Bruno wird von Peter Kurth dargestellt, der in Babylon Berlin bewiesen hat, dass er Brühl in puncto sympathisch-widerlicher Bösewicht um nichts nachsteht. Bruno ist Daniels Nachbar, möglicherweise ehemaliger Stasiagent, in jedem Fall aber ein Stalking-Talent – und er verkörpert den Groll der Wendeverlierer gegen die neureichen Wessis in ihren Dachgeschoßwohnungen. Auf Daniel hat er es deshalb abgesehen, weil dessen Penthouse früher die Wohnung seines Vaters war. Außerdem ist er kein Fan des Schauspielers und wegen seines direkten Fensterblicks in die verglaste Wohnung zu gut über Daniel informiert.

Kontrahenten als Wucht

Die Idee zu dem Schlagabtausch stammt von Brühl selbst; der Text von Daniel Kehlmann. Als Kontrahenten sind Brühl und Kurth eine Wucht. Brühls bassige Synchronsprecherstimme, sein Charme und seine Tränen stellen sein permanentes Heischen um Bewunderung aus. Ununterbrochen die Rollen wechselnd, rennt er gegen Kurths Bruno an, der sich nicht rührt, weder in Mimik noch Gestik. Das Tête-à-Tête wird durch die Wirtin (Rike Eckermann) und die eiskalte Ehefrau Daniels (Aenne Schwarz) ergänzt.

Auch die Musik trägt mit treibendem Schlagzeug zur Spannung des Films bei, der zur Mitte hin etwas an Schwung verliert. Die ein oder andere Entblößung, die Bruno über Daniel aus dem Hut zaubert, scheint doch zu konstruiert. Man gewinnt den Eindruck, dass nicht nur mit Bruno ein Profi der kalkulierten Konstruktion am Werk ist, sondern auch Kehlmann die Dialoge etwas zu lange künstlich am Leben hält.
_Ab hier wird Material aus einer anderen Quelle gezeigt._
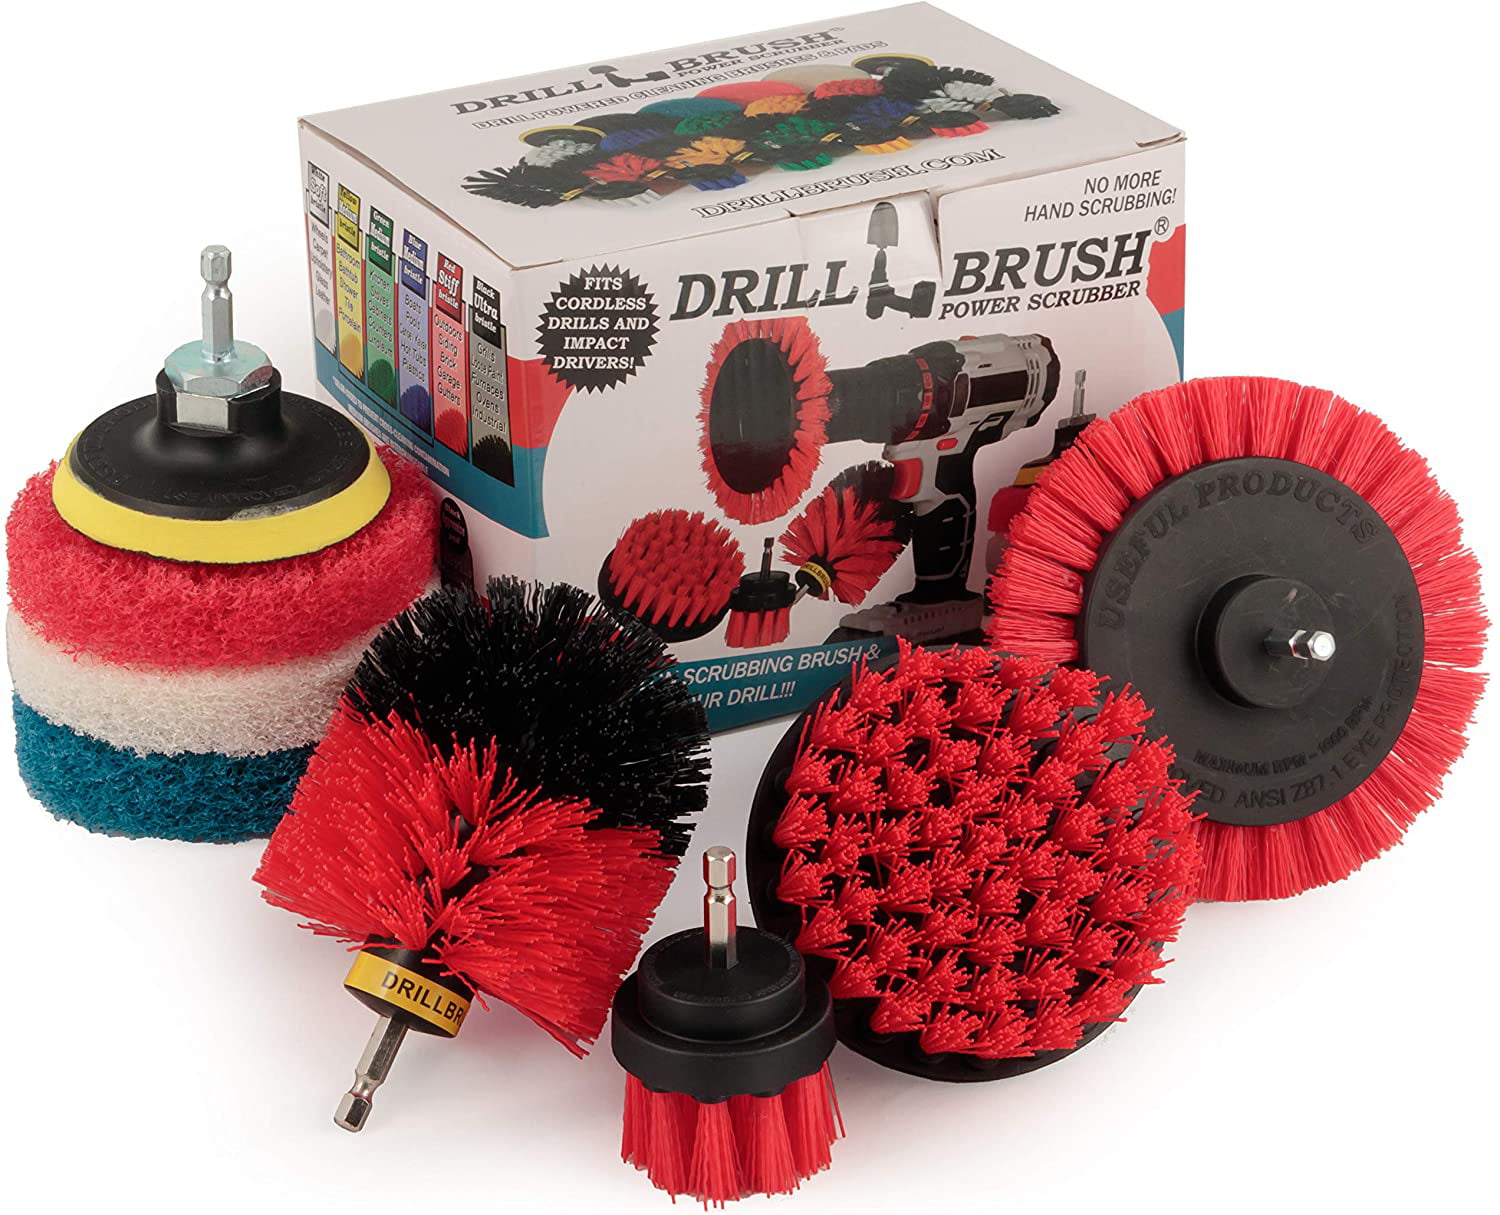 Drillbrush Rotary Brush Kit - Drill Brush Scrub Pads - Shower Scrubbing  Brushes for Cordless Drill - Tile Cleaner Drill Attachment Commercial  Scouring
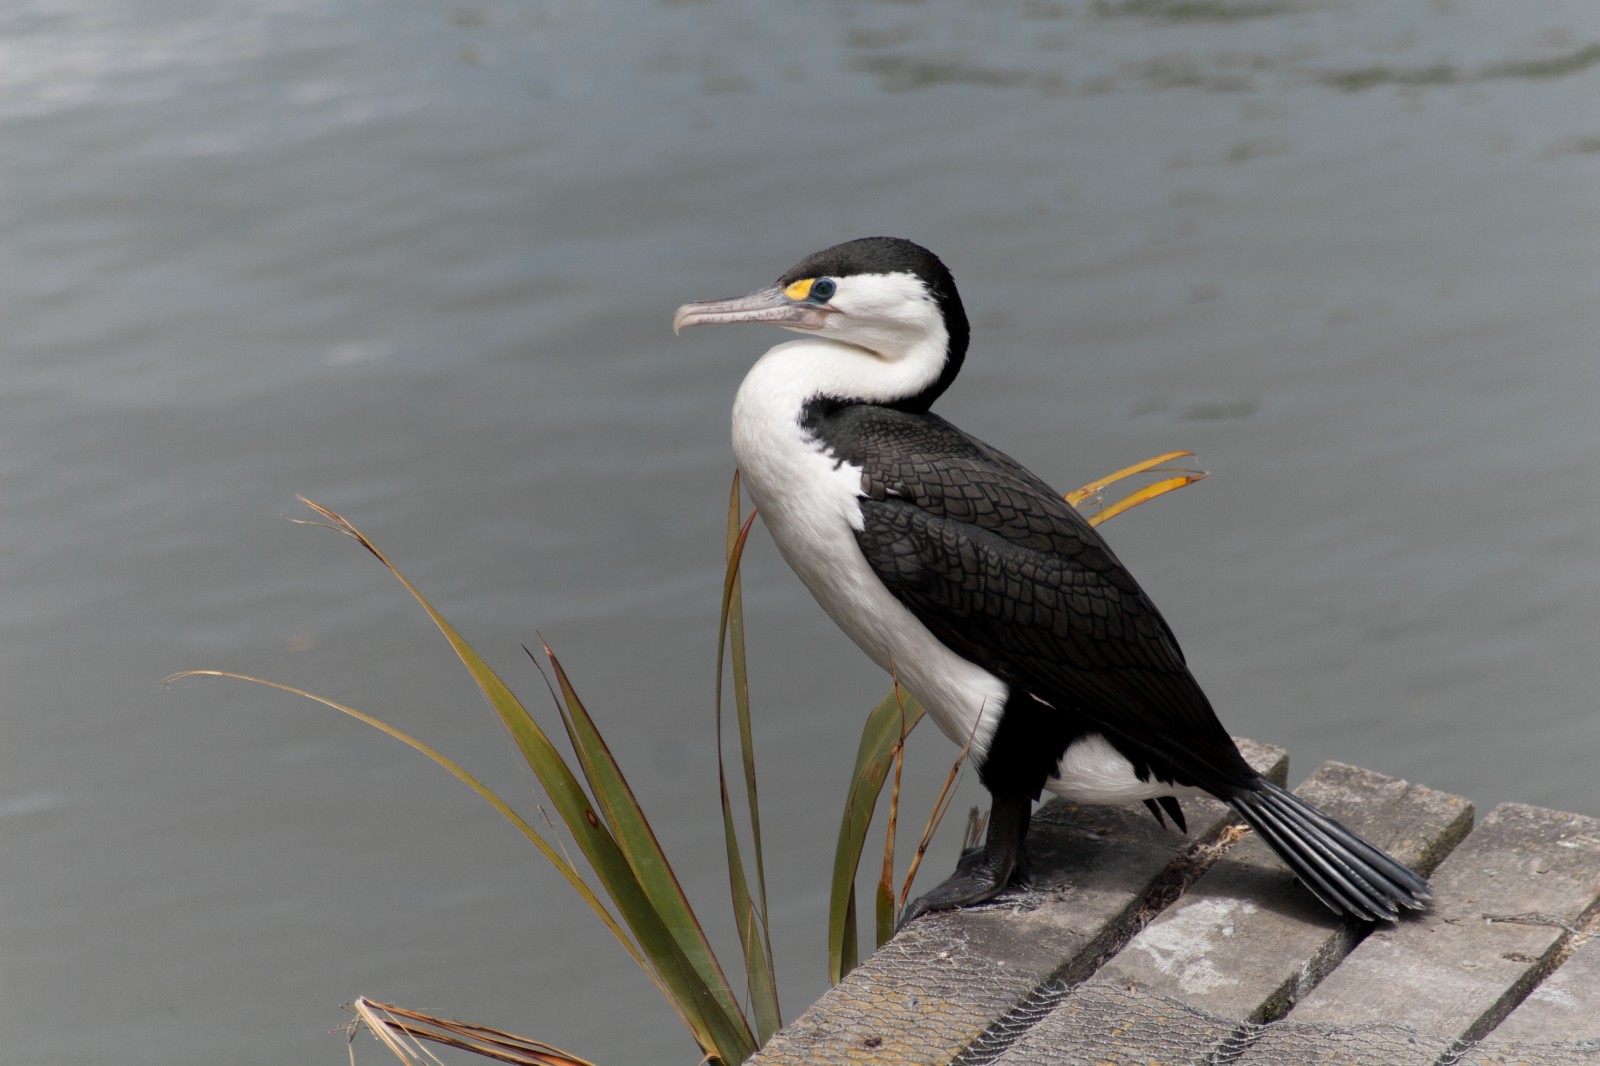 bird sitting / waiting by the side of the river on a small wooden platform

Aber ein feinziseliertes Gentrifizierungsdrama will Nebenan auch nicht sein. Das wird klar, wenn der Film mit einem Cameo-Auftritt von Vicky Krieps den Tonfall eines Psychothrillers anstimmt und die Kamera von der Penthouse-Fassade auf das gegenüberliegende Fenster zum Hof schwenkt, in dem die Gardinen bedrohlich schwingen. (14.7.2021)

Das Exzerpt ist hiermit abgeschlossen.